Once that part is done and over with, we take a step back a look at it from a wider perspective. How big is the damage, really?

Sarinah’s incident doesn’t reach Cideng, Tanah Abang, or Palmerah. It doesn’t reach Blok M, TIM, Kelapa Gading, Senayan, Kota Tua or Tanjung Priuk. Each of those districts is a Sarinah by its own right. Every square meter of Jakarta is covered with so much life that it’d take a global monetary crisis to force her to a stop.

Say that a terrorist attack causes worse traffic jams than the usual. So, would it be like the traffic jams in 2007 or in 2012? 
    1. Would it mean that commuters would reach home closer to midnight or the wee hours of the next morning.
    2. But if the terrorist attacks were combined with rain AND the approach Azan Maghrib on a Ramadhan day, THEN it would cause a serious traffic lock down.
    3. A traffic jam that would last so long that the people would leave their cars to walk to nearby convenience stores to by adult diapers and bottled waters. And sit back in their cars.
    4. Or, peddlers would notice the demand, stock up in bulk, then offer bottled water and adult diapers on foot to the drivers stuck in those cars.
My point is, it would take a lot more than a ten, twenty or a hundred terrorists to cause a serious hiccup in Jakarta.


Which brings me to this nagging question: What are those idiots thinking?
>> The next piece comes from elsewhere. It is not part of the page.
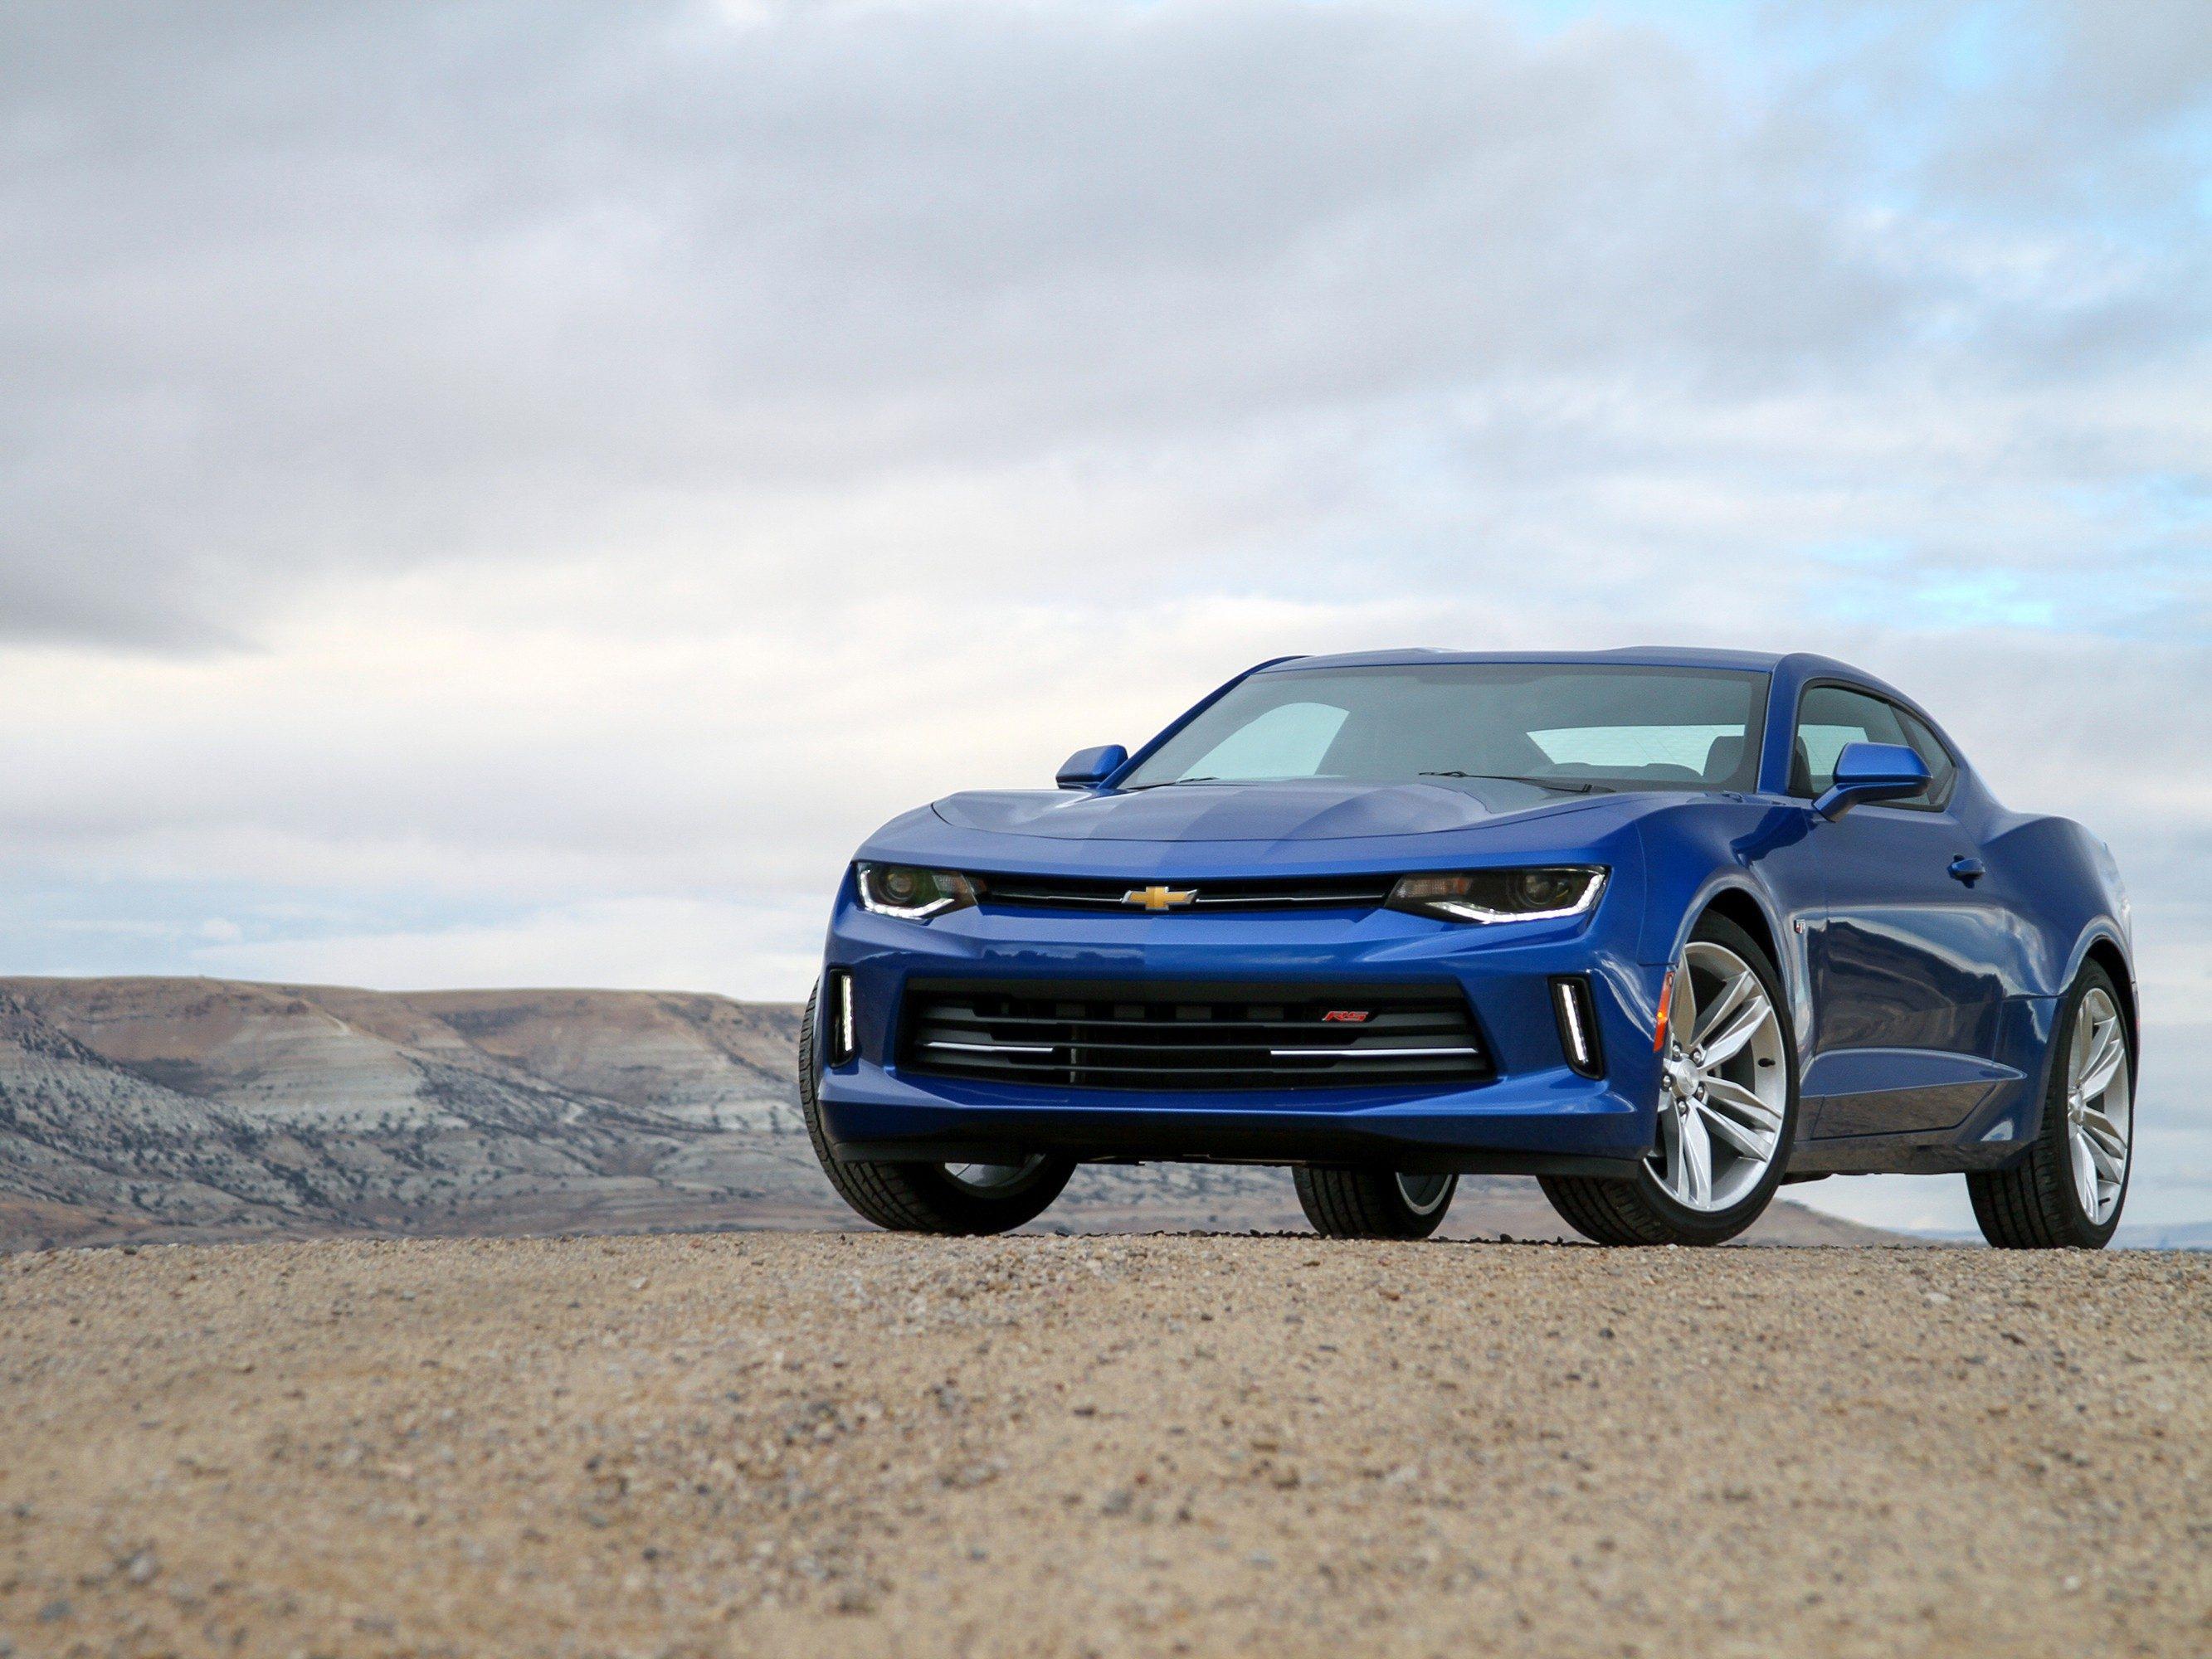 1. The 2016 Chevrolet Camaro is more nimble.

Who manages and leads these terrorist attacks? What level of education has he gotten? If they’re so effective at being leaders, why couldn’t they think of a better plan? If the plan was to scare the people of Jakarta, then it’s not working. If the plan was to cause a systematic imbalance, then it’s not working. It wouldn’t work with the size of Jakarta, the size of Indonesia.

And the drones who follow them, how could they entrust their lives on leaders with chronic shortsightedness?
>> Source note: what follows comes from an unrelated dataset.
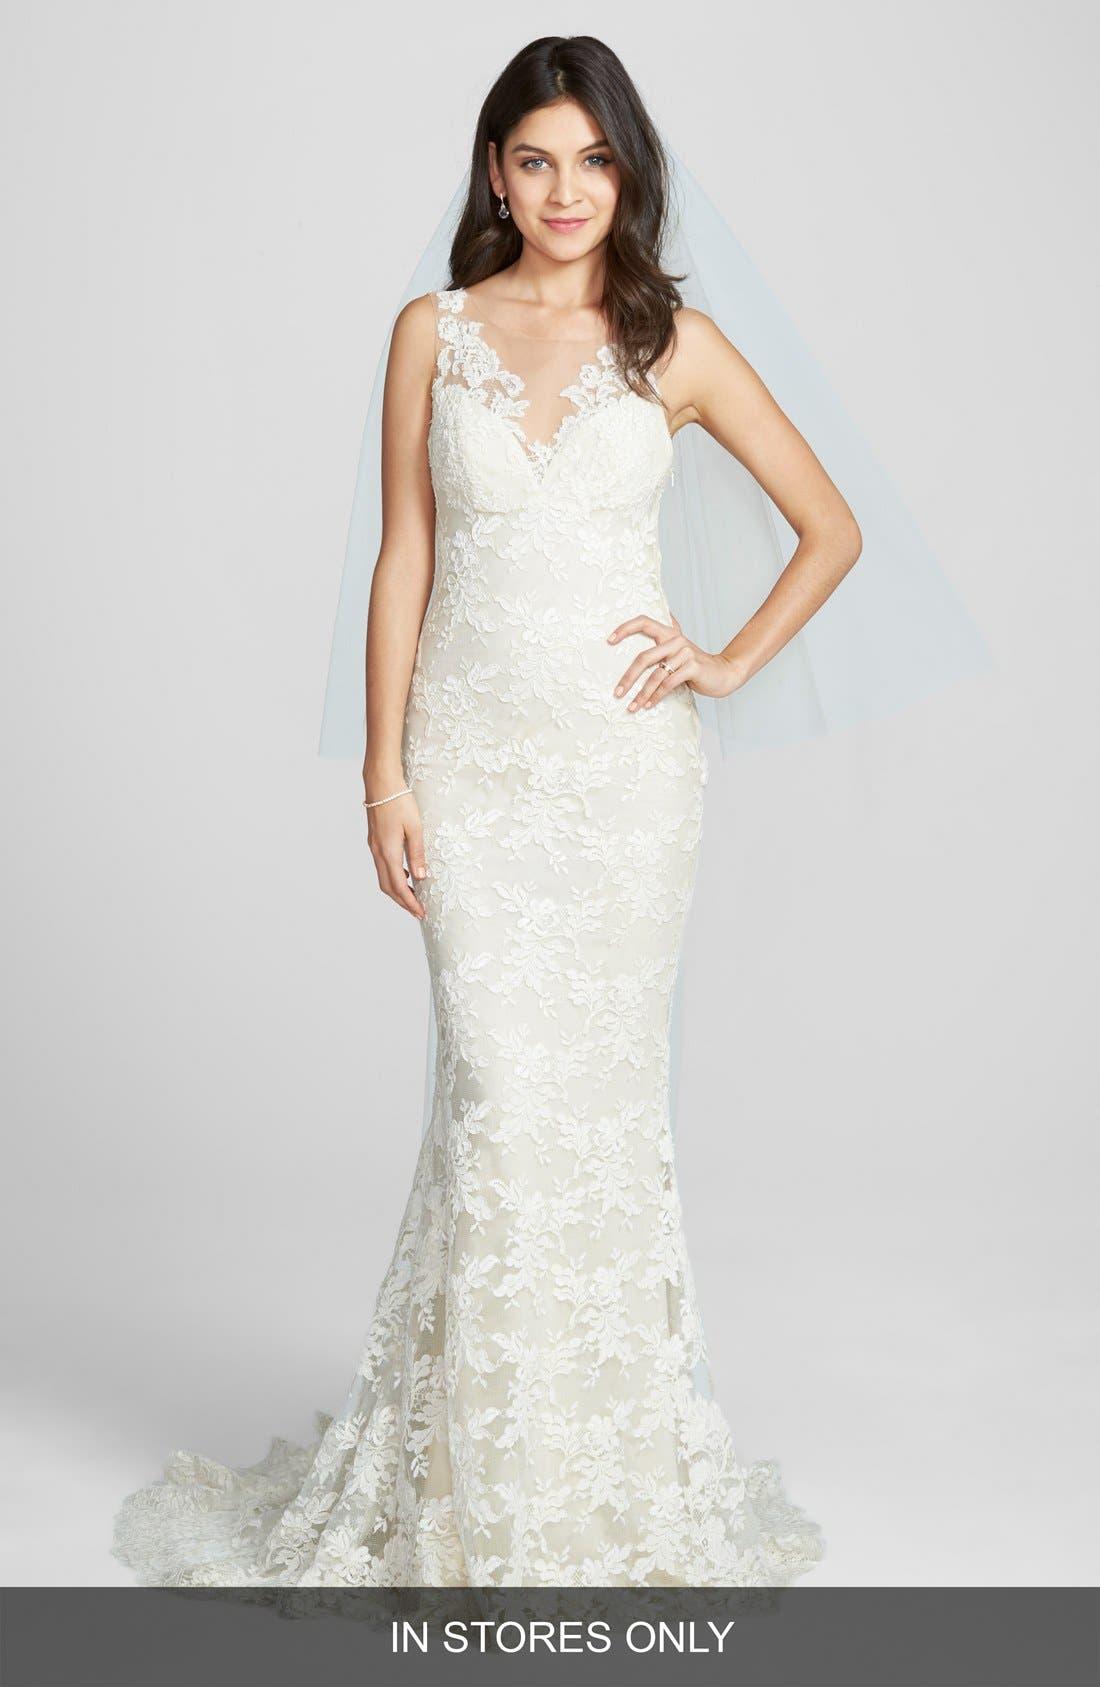 'Nicole' Aleçon Lace Mermaid Dress,                         Main,                         color, IVORY/ VANILLA

Unless stupidity really is that prevalent and there’s no way to cope with it but with a personal moment of dedicated facepalm. “Guoblognyaaa manusia…”


I'm abusing my conveniences. 

I've never been a terrorist, so I can't really offer insight to how it feels to being one. But I can relate to how it feels to be misunderstood. And I'd love if anyone could shed a light on the inner tick-tocks of a man who thinks that he can cause a glitch in a town as gargantuan as the Big Duren. Seriously. Comments box is yours to fill.